Die australische Marine war wie das Land jung. Australien war erst 1907 unabhängig geworden, die Royal Australian Navy bestand seit 1911. Die Eliminierung der »Emden« war der erste erfolgreiche Einsatz der Marine und wurde/wird dem entsprechend als historischer Sieg gefeiert. In der Pressemitteilung zur Briefmarkenausgabe Cocos (Keeling) Islands Sydney-Emden engagement vom Oktober 2014 ist es so forumuliert:

»We trust these stamps will remind all Australians of the significance of this important wartime engagement which took place in the waters of what is now one of Australia’s external territories.«

(»Wir glauben, dass diese Marken alle Australier an die Bedeutung dieses wichtigen Kriegsgefechts erinnern wird, das in den Gewässern stattfand, die jetzt eines von Australiens Außengebieten sind.«)
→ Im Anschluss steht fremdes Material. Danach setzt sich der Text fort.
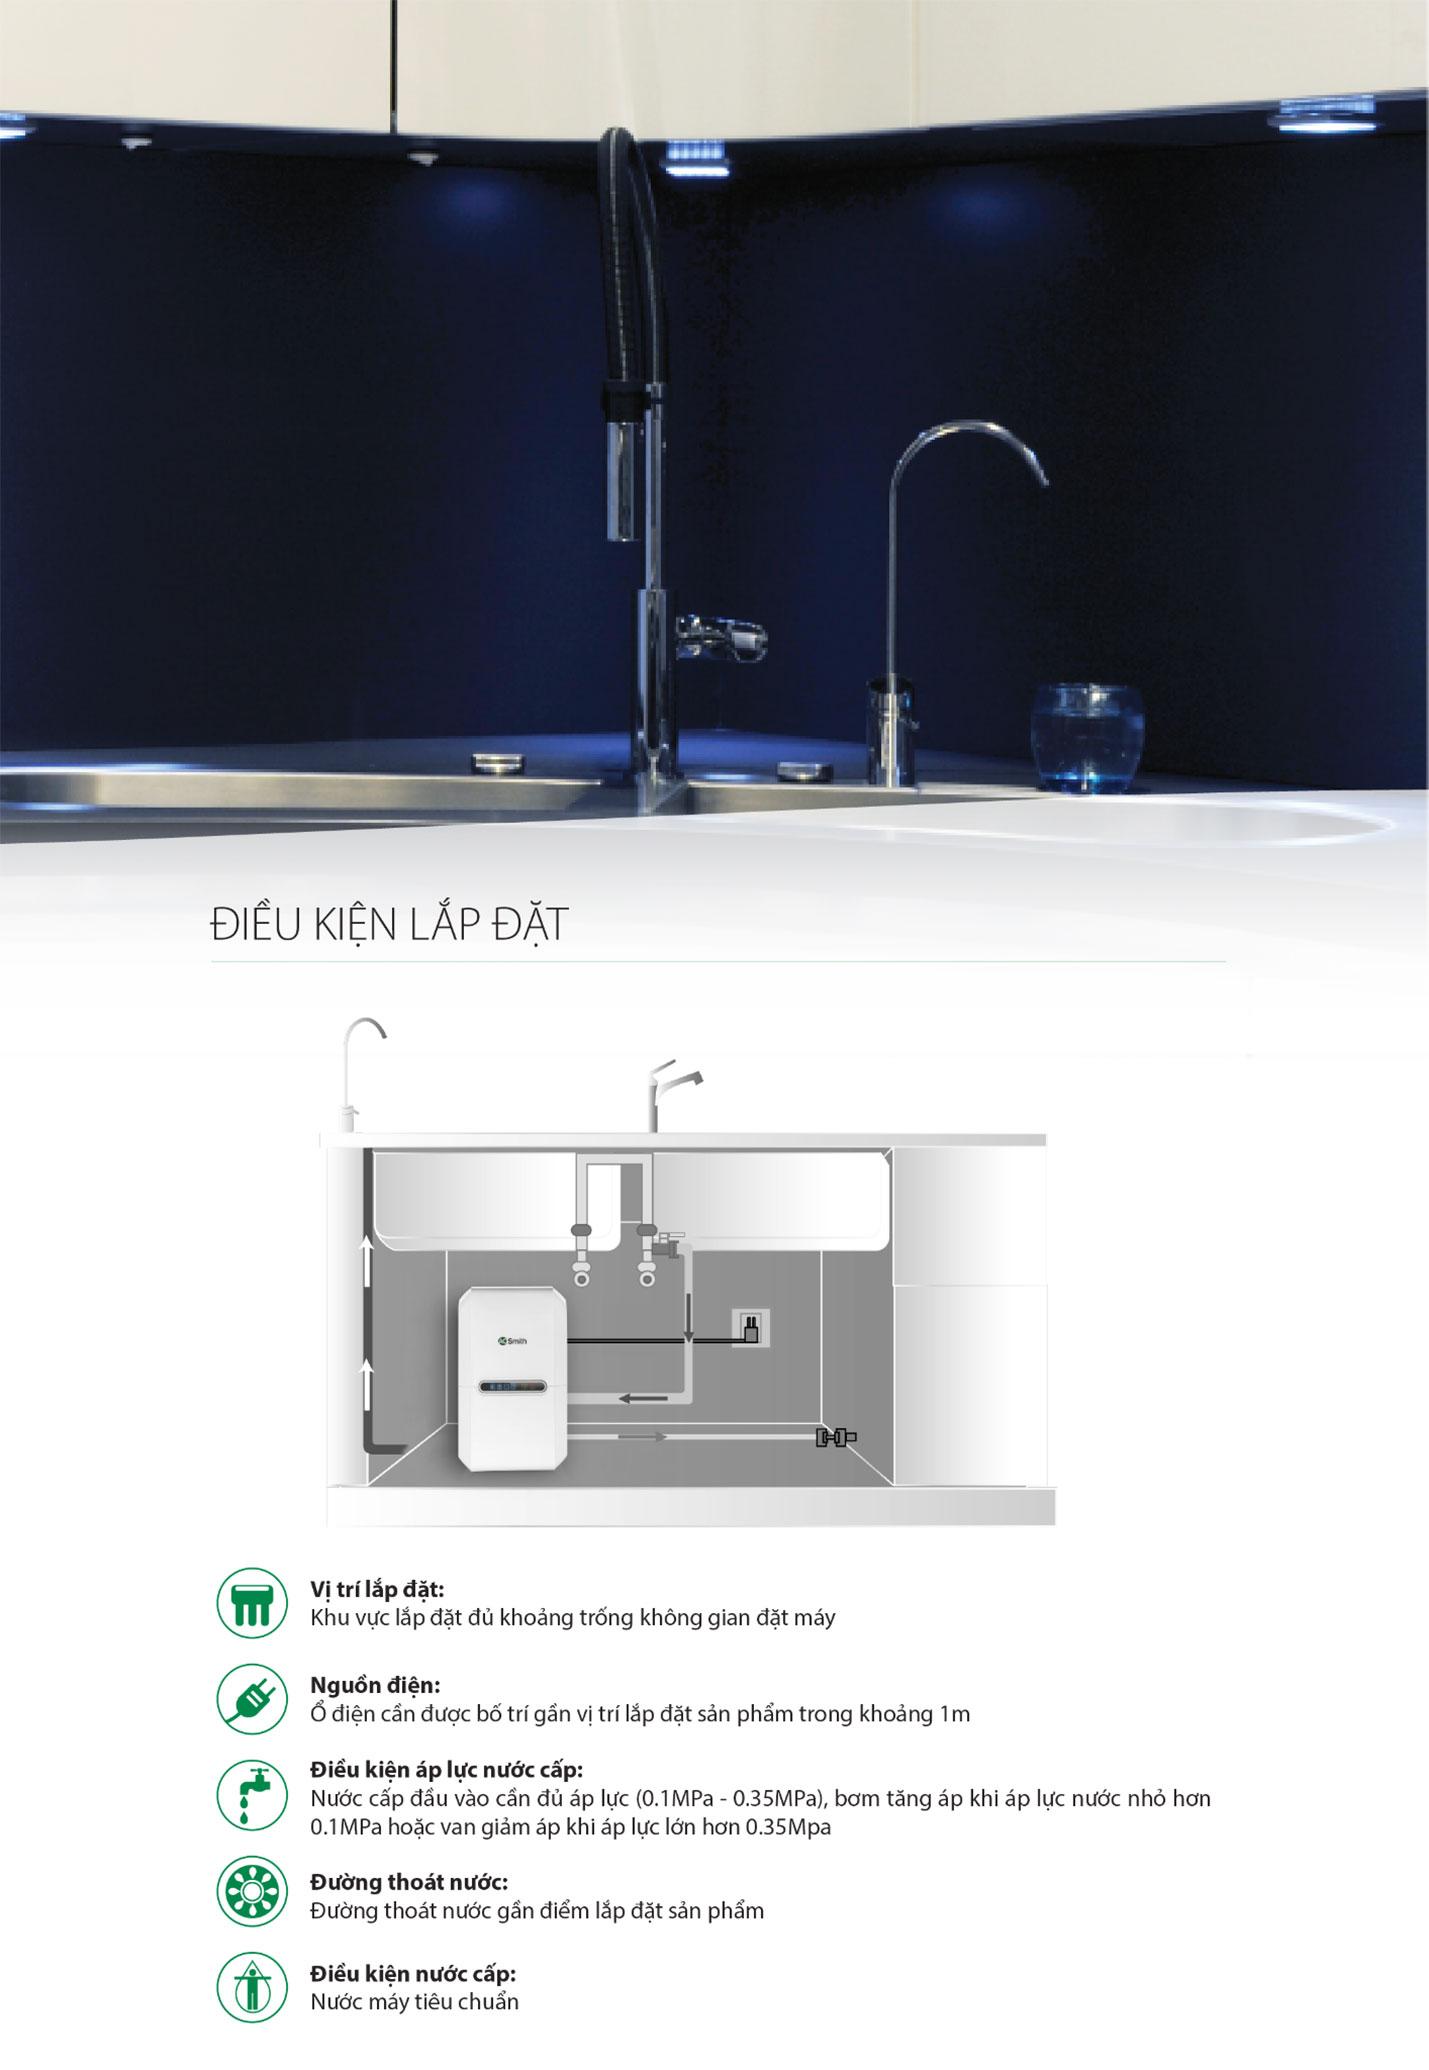 Điều kiện lắp đặt của máy lọc nước Aosmith G2
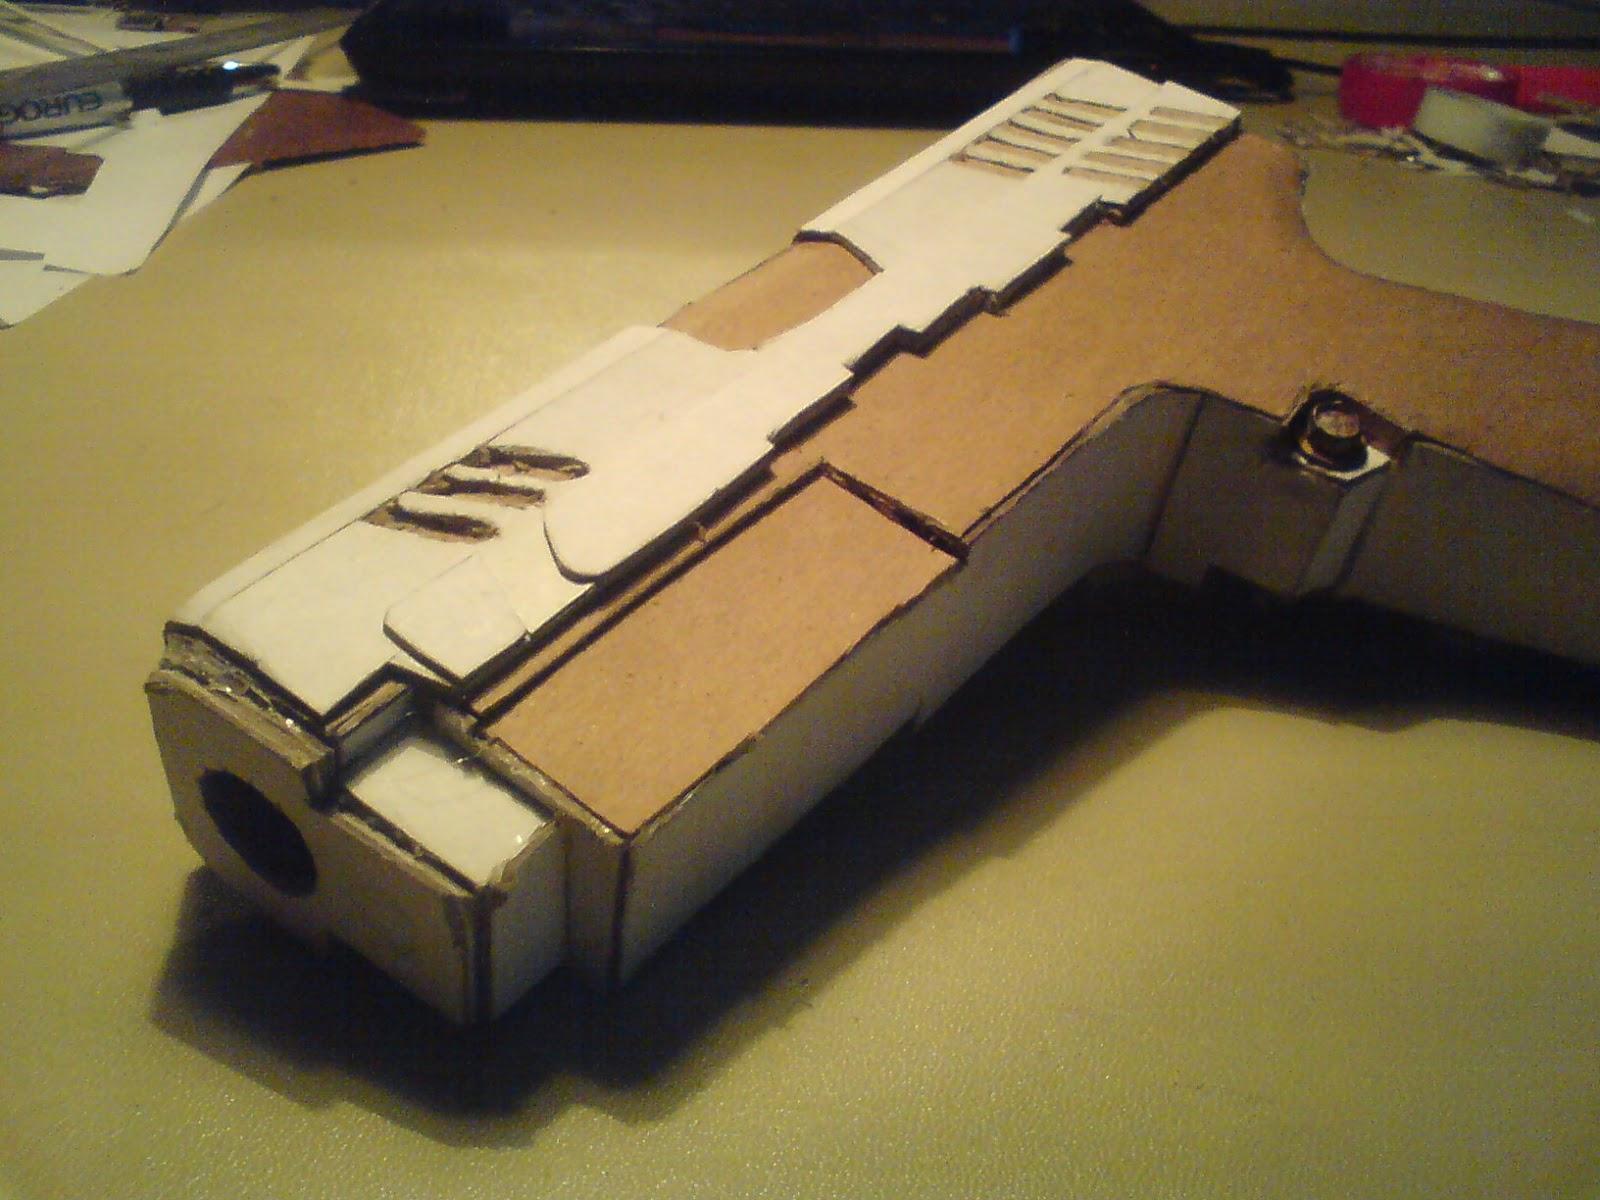 Pistola Blacktail - Resident Evil DSC04426

Neben dem Stolz über Australia’s first victory at sea schwingt hier etwas anderes mit: Der Besitz von Überseegebieten  hebt offenbar das australische Nationalgefühl. Die Java vorgelagerten Kokosinseln, die im britischen Sprachraum wegen ihres angeblichen Entdeckers William Keeling (* 1578; † 1620) auch Keeling Islands genannt werden, wurden 1955 von Australien in Besitz genommen (aber das nur am Rande).

Australia-WWI
Der Sondermarken-Satz zum Ersten Weltkrieg

Was in der Pressemitteilung der australischen Postverwaltung  auffällt, ist das völlige Fehlen jeglichen Worts der Mahnung und des Hinweises auf den Schrecken des Krieges. Noch deutlicher wird das distanzlose bis verklärende Verhältnis bei der Ausgabe zum Ersten Weltkrieg. Eine Marke trägt den Titel »Our Boys« (»Unsere Jungs«), eine andere »Australians in Action« (»Australier im Einsatz«). Auf der Marke »War Declared!« (»Den Krieg erklärt«) ist eine Reihe von erwartungsvoll dreinblickenden, teilweise gut gelaunten Männern zu sehen, die sich für den Kriegsdienst erfassen lassen. Jede dieser fünf Briefmarken erzählt laut Dr. Brendan Nelson, dem Direktor des Australian War Memorials,  »a story that we can learn from and be proud of« (»eine Geschichte, von der wir lernen und auf die wir stolz sein können«). Denn man muss wissen: Der Erste Weltkrieg war für Australien »a conflict which helped to define our country« (»ein Konflikt, der half, unser Land zu definieren«)  (die Zitate sind der Pressemitteilung der australischen Post entnommen)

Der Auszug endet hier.